Not surprisingly, the KMT’s interpretation is rather different. “In the Legislative Yuan, no party gets a simple majority, so it can be interpreted as the majority of the people wanting to have a better relationship with mainland China,” said Chen-Dong Tso of National Taiwan University, foreign policy adviser to the KMT’s election campaign. “The TTP also takes a pragmatic approach to mainland China when it comes to cross-Strait relations, and [its leader] Ko Wen-je even said that both sides across the Taiwan Strait belong to one family. I think that kind of rhetoric seems to be welcomed by mainland China.”
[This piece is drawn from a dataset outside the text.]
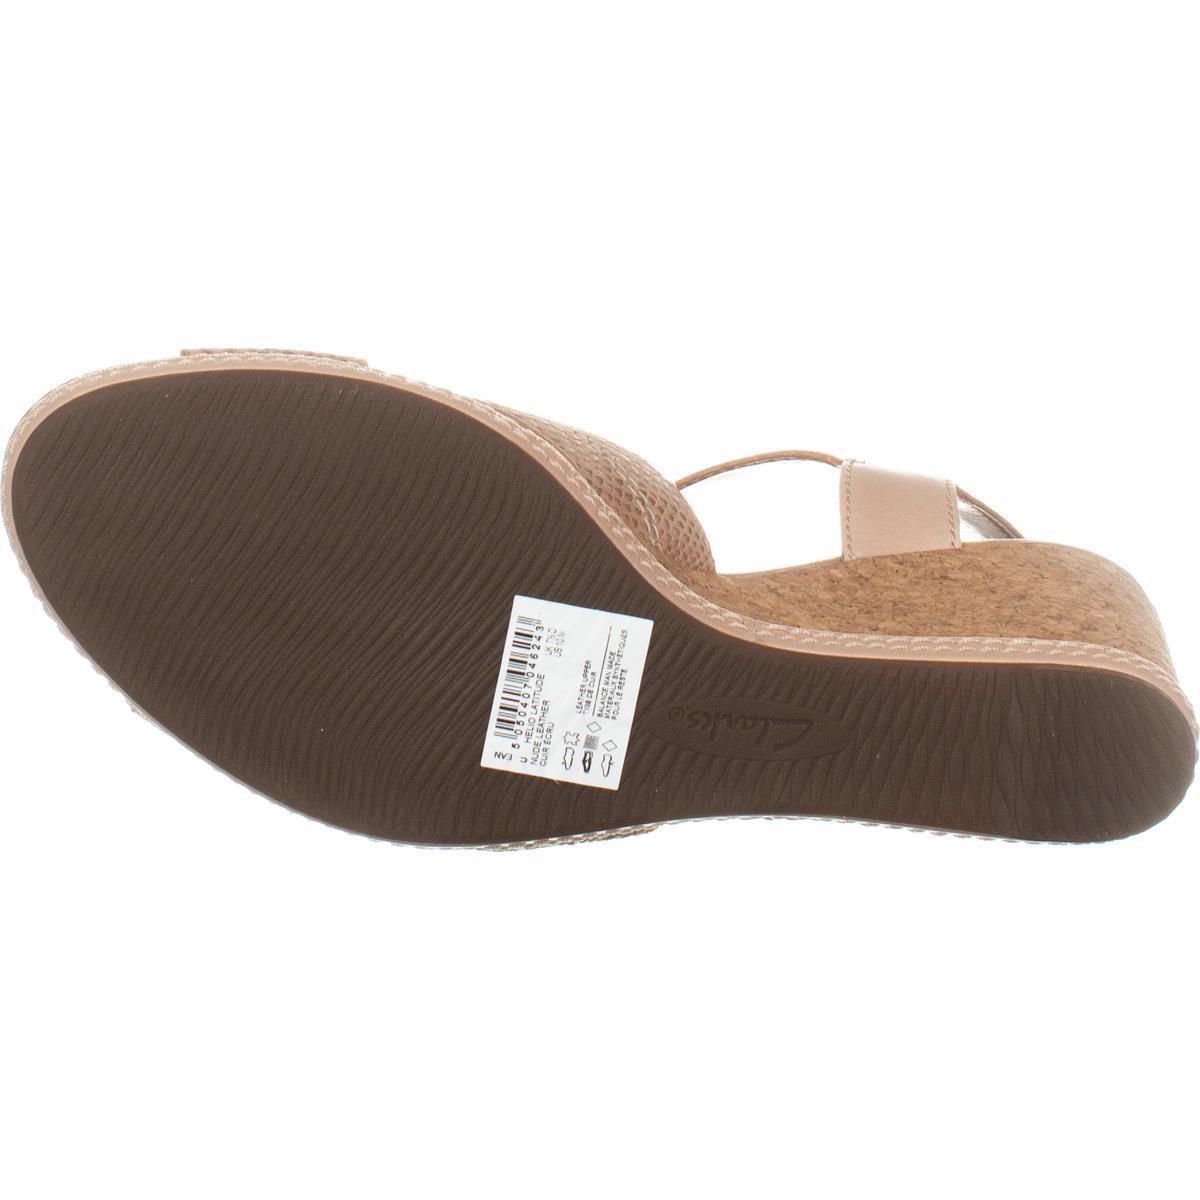 ad20aefe043 Lyst - Clarks Helio Latitude Comfort Wedge Sandals in Natural

It is the generational change they represent that is the big question. The DPP’s offer is to protect the meaningless status quo; the KMT is tied to policies now 50 years out of date. Young people in Taiwan can no more imagine living under Chinese Communist rule than they can imagine living under the fascistic military rule of Chiang Kai-shek’s KMT, but relations with China are not their main issue. They are interested in jobs and affordable housing. The threat from China has been there so long it doesn’t feel particularly urgent.
What does all this mean for the future of Taiwan’s close relationship with Washington? Dr. Tso gives a very specific prediction for U.S.-Taiwan relations during the new administration. “The importance of the United States will become even higher, because the president-elect, William Lai has no way to restart dialogue with mainland China. The only possible way for him to manage cross-Strait relations is to work with the United States.”
Joe Biden and Antony Blinken are evidently prepared to play the game, though how effective a U.S. administration will be as a neutral go-between after its own presidential election is anyone’s guess. In his reaction to the January election results, Biden reiterated, “The United States does not support the independence of Taiwan.” As with the Sino-Taiwanese “1992 consensus,” this is a deliberate untruth that for the moment remains essential to avoid provoking a catastrophic war.